• TASK OBJECTIVE:
The answer is the full listing restated exactly, without any pictures.

[[ INFORMATION SHOWN open ]]

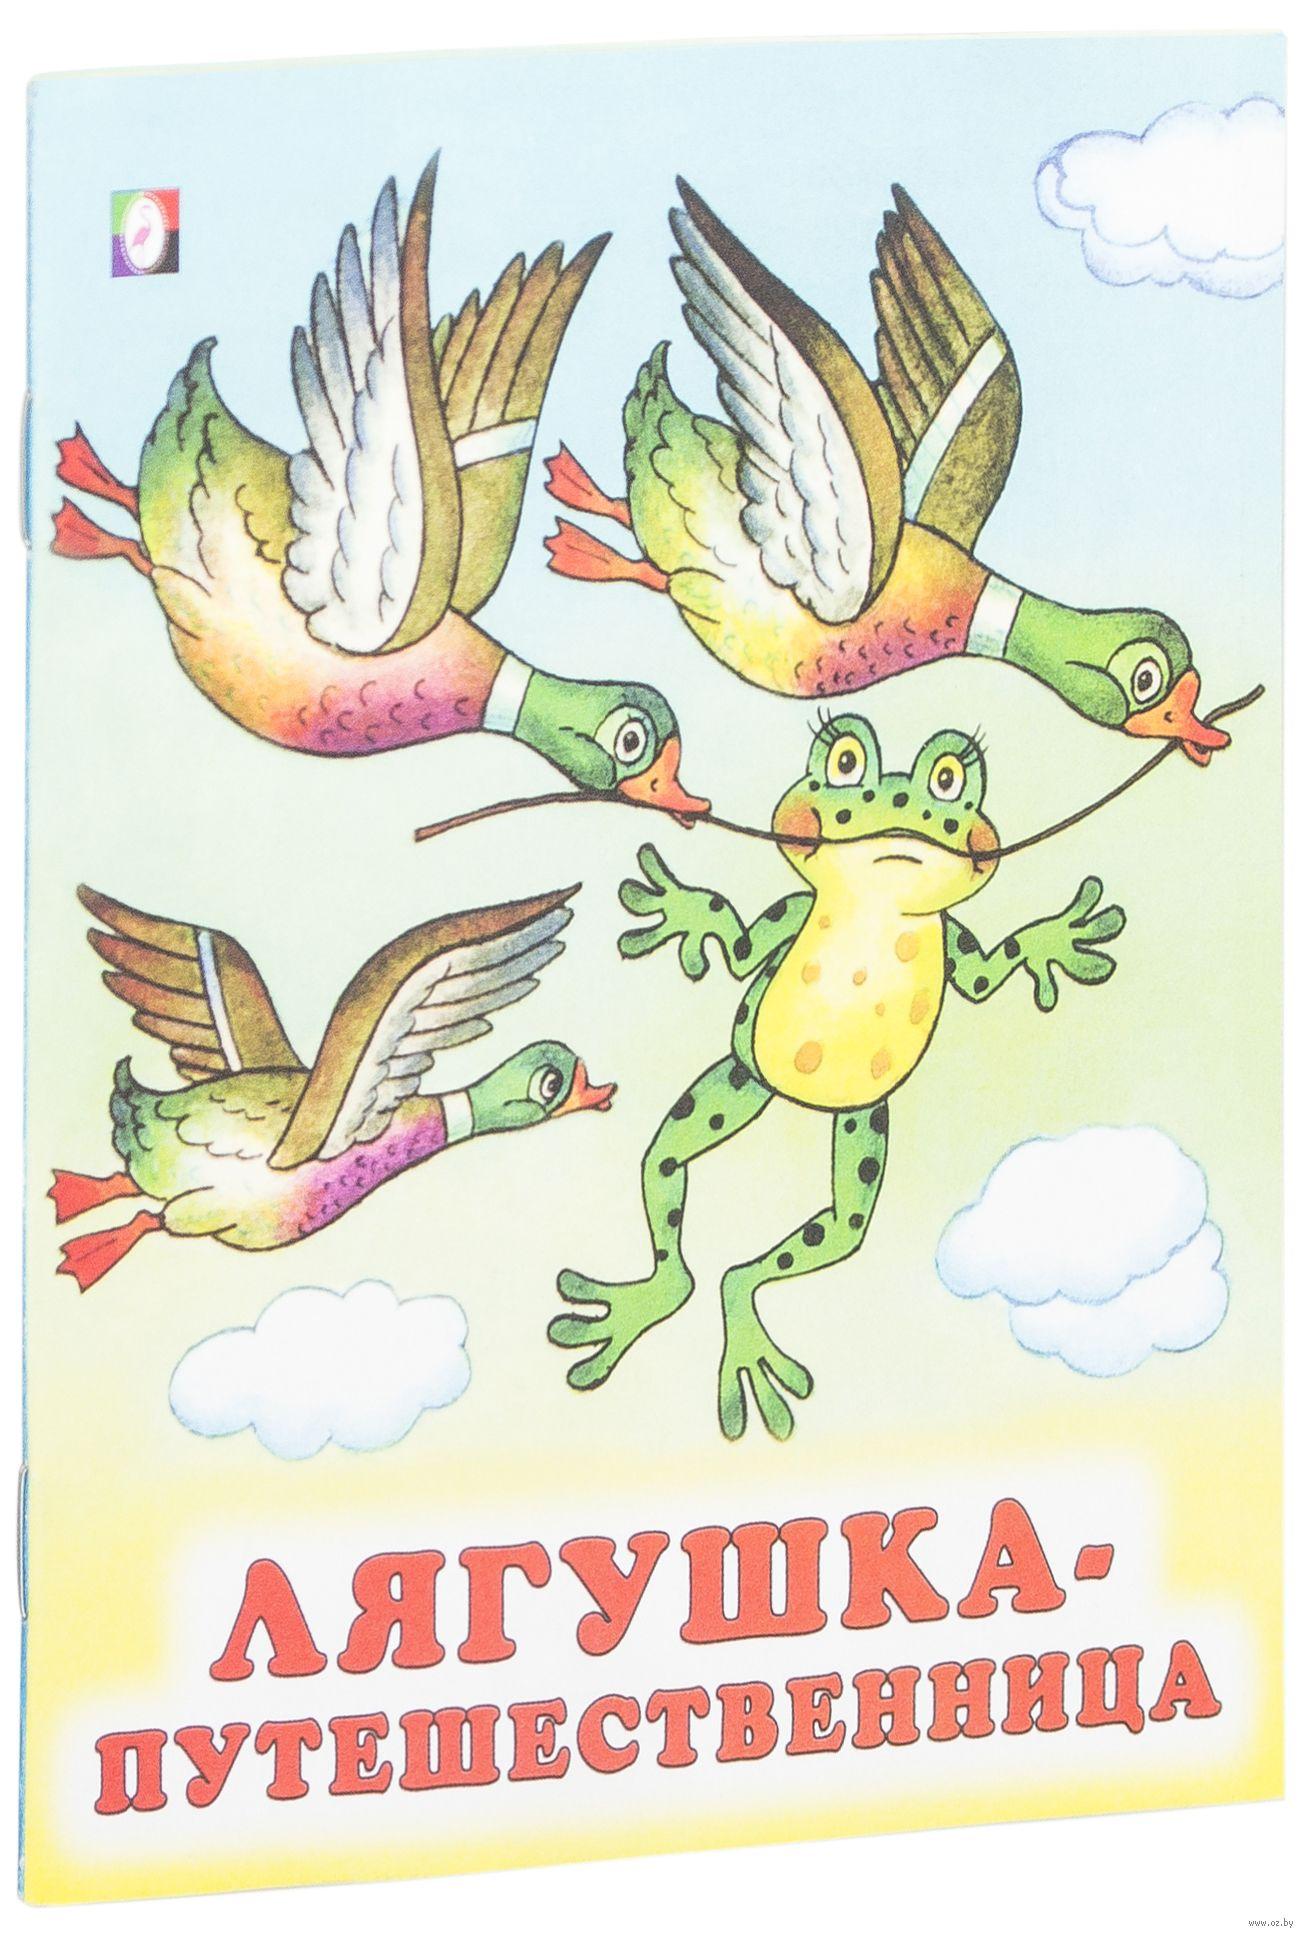 Кабанчиками, лягушка путешественница открытка
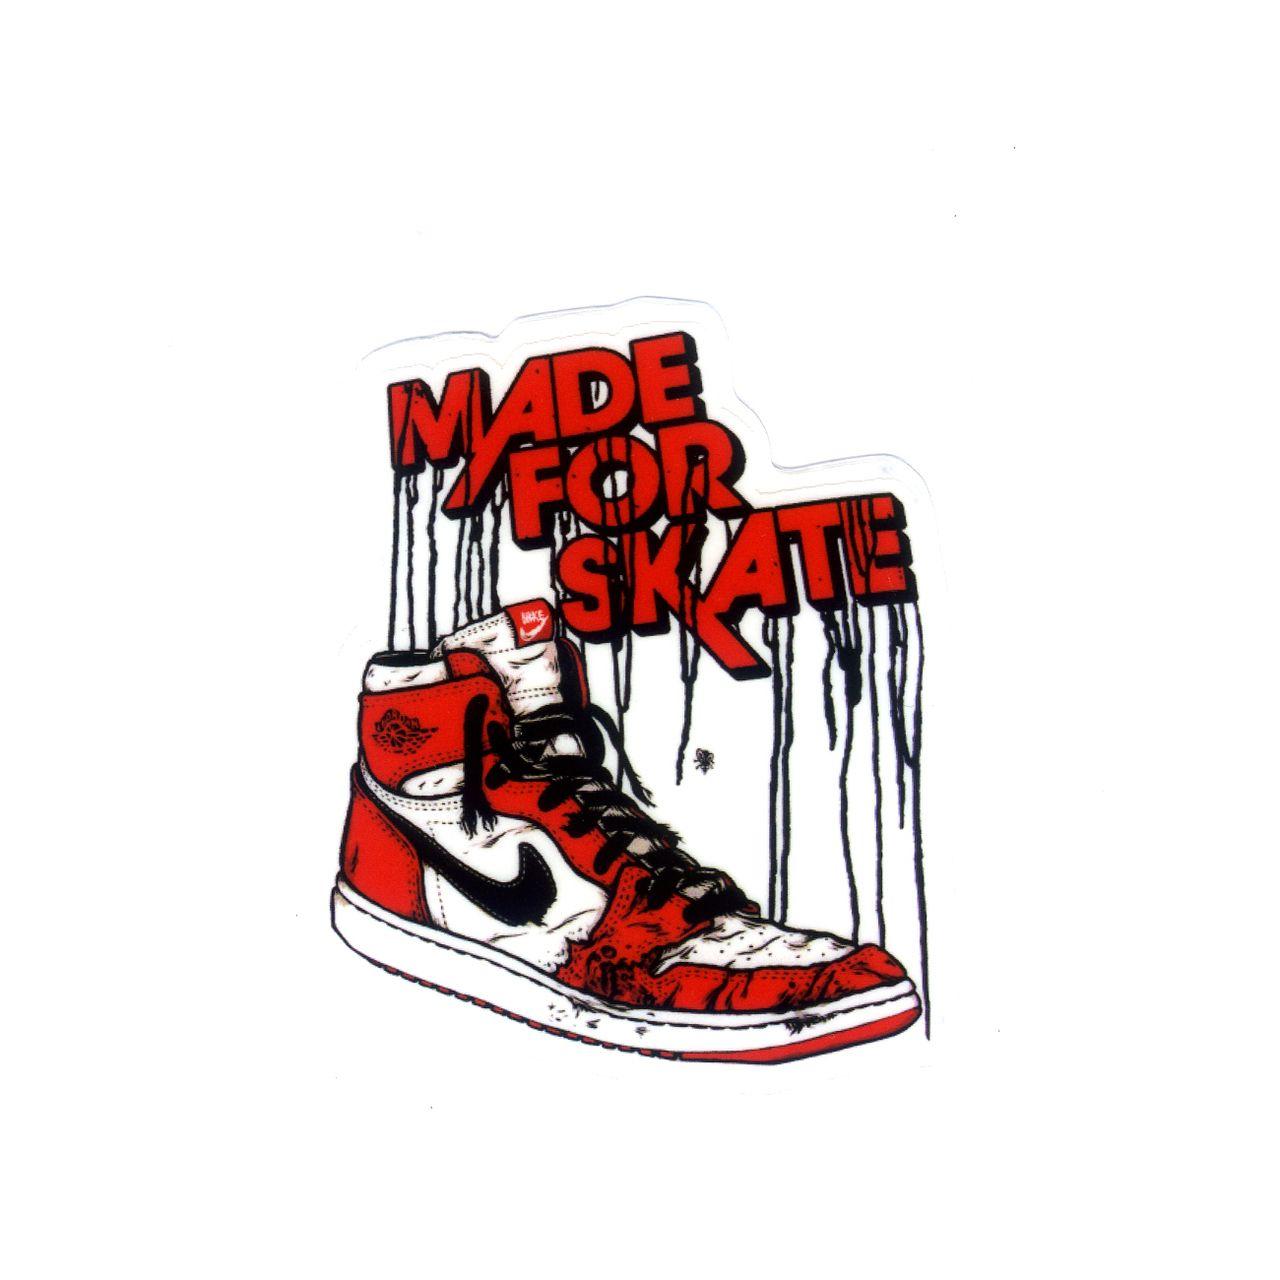 new styles 10fac a9b86 1169 MADE FOR SKATE Air Jordan 1 Sneakers NIKE , 7x6 cm, decal sticker -  DecalStar.com
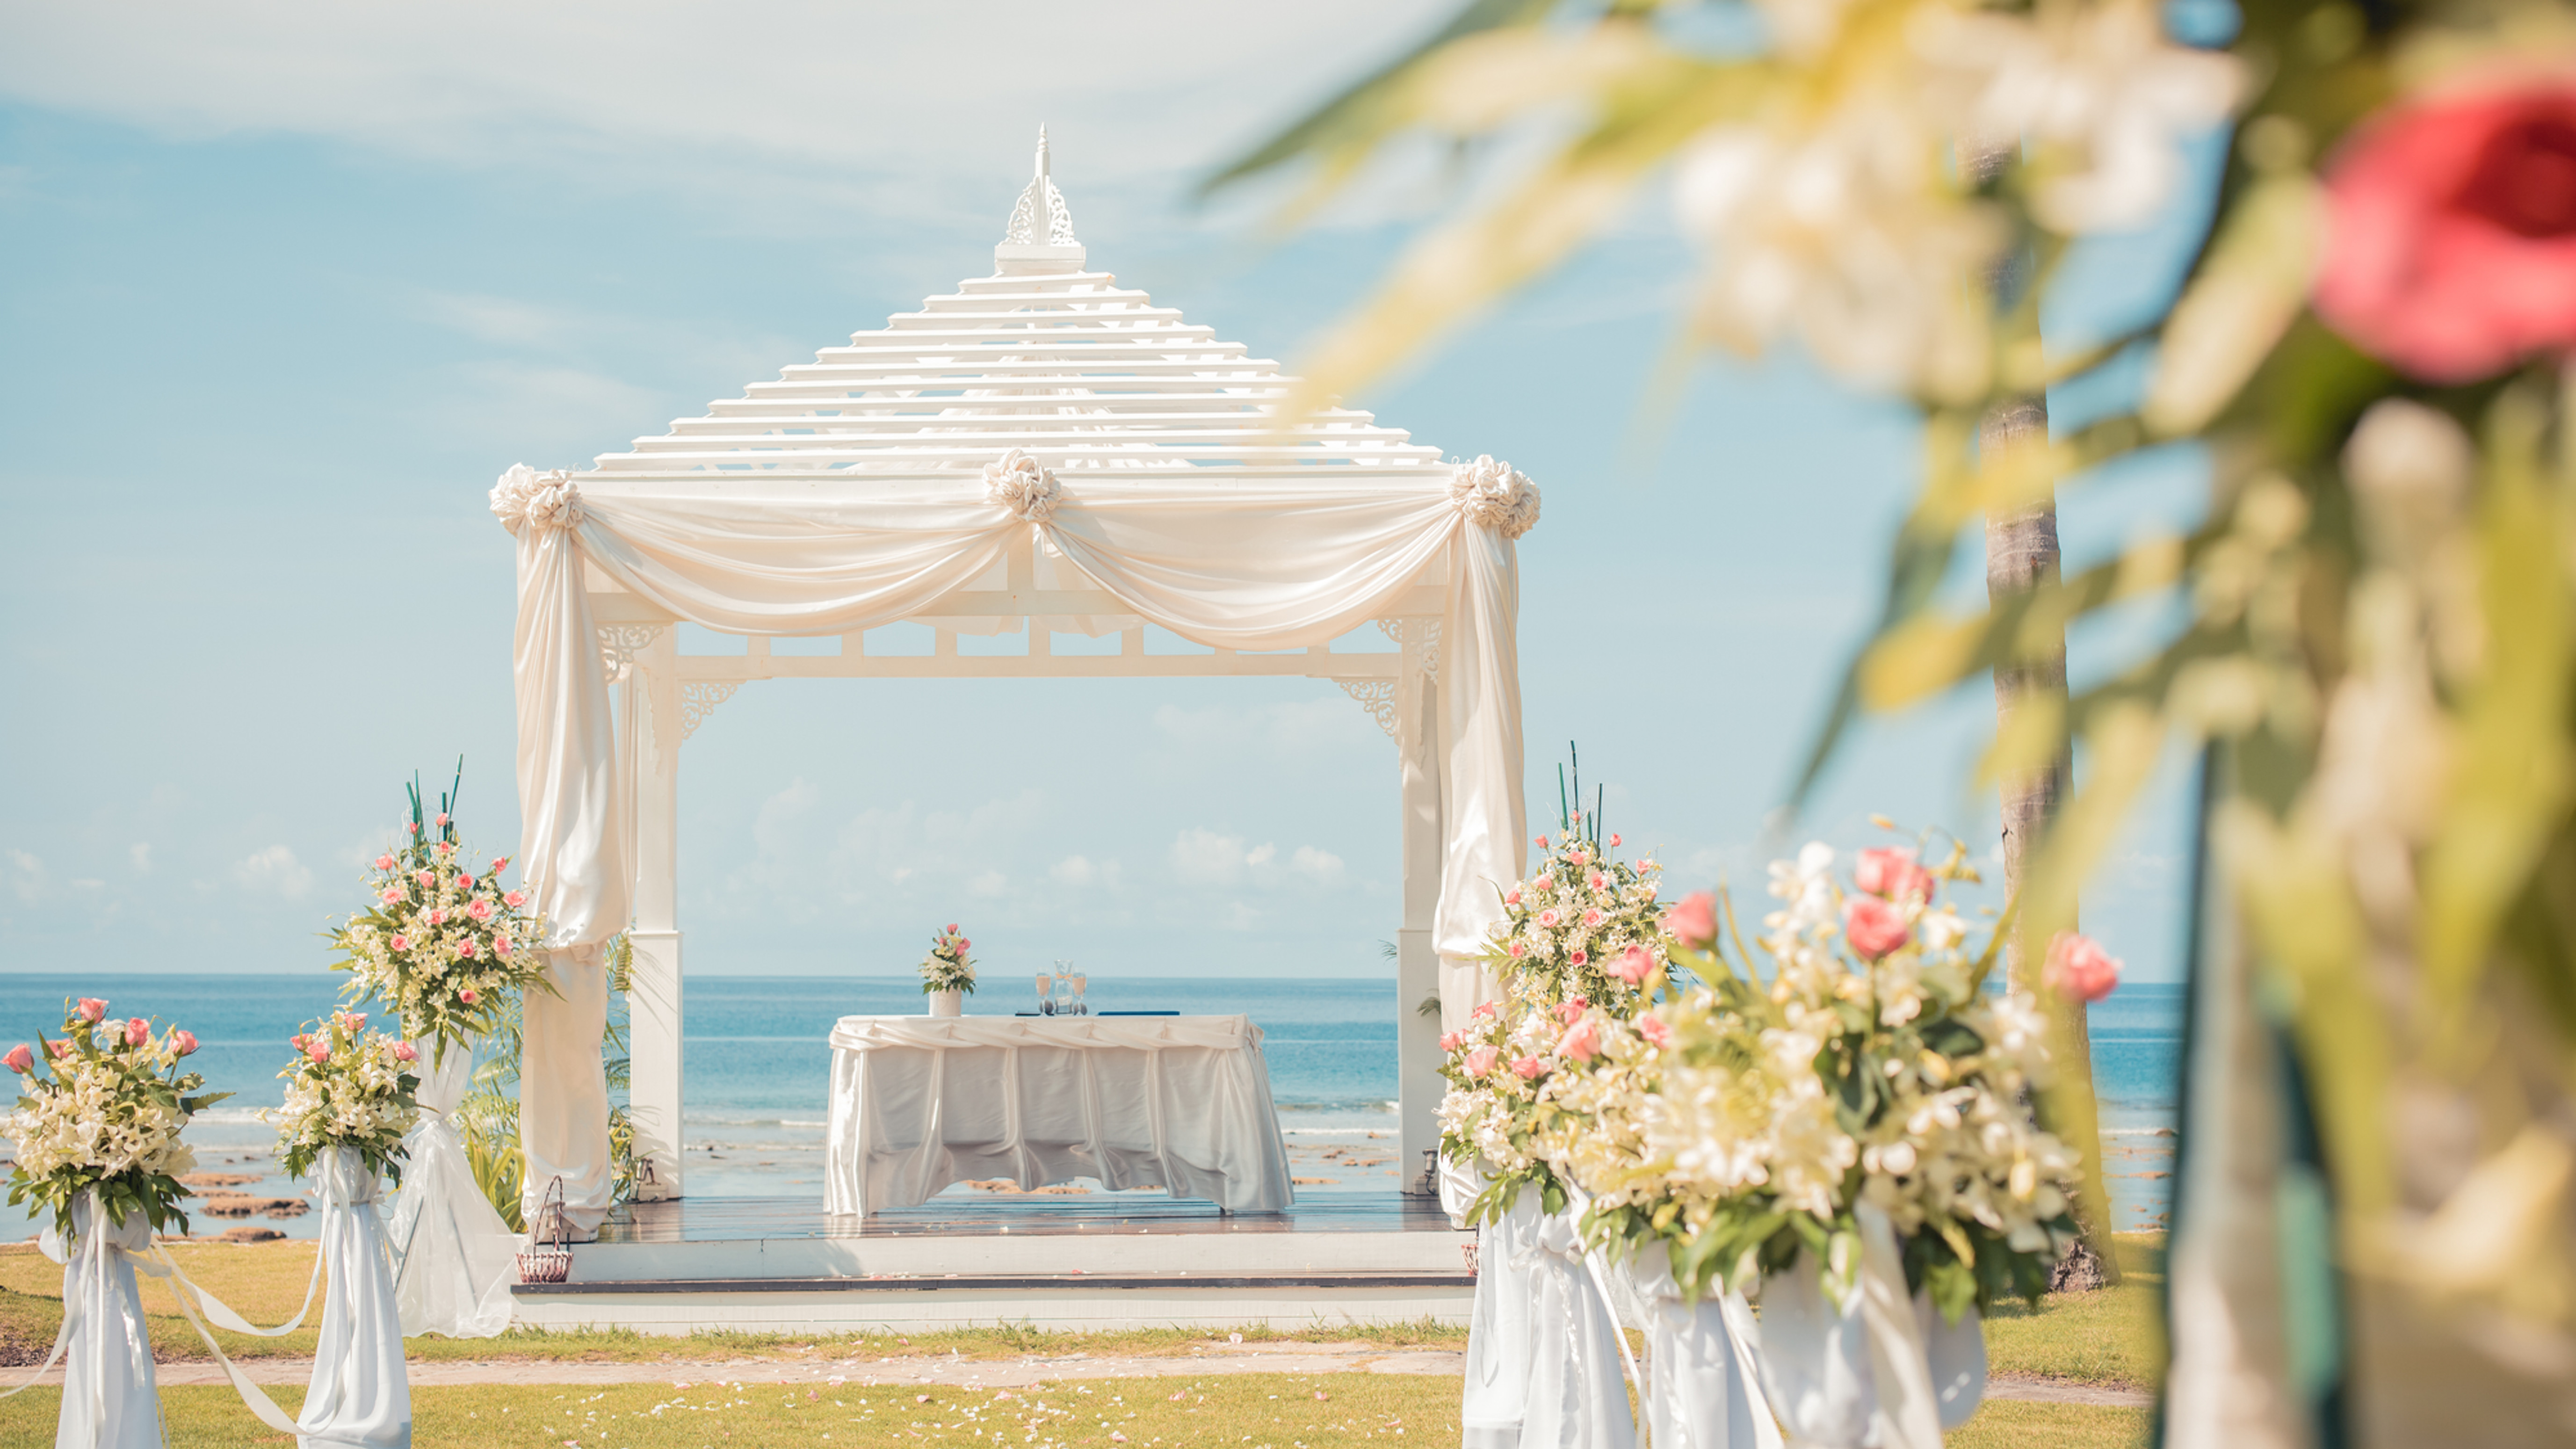 Destination Weddings - Retainer

[[ INFORMATION SHOWN closed ]]

• FINAL ANSWER:
 Кабанчиками, лягушка путешественница открытка
 new styles 10fac a9b86 1169 MADE FOR SKATE Air Jordan 1 Sneakers NIKE , 7x6 cm, decal sticker -  DecalStar.com
 Destination Weddings - Retainer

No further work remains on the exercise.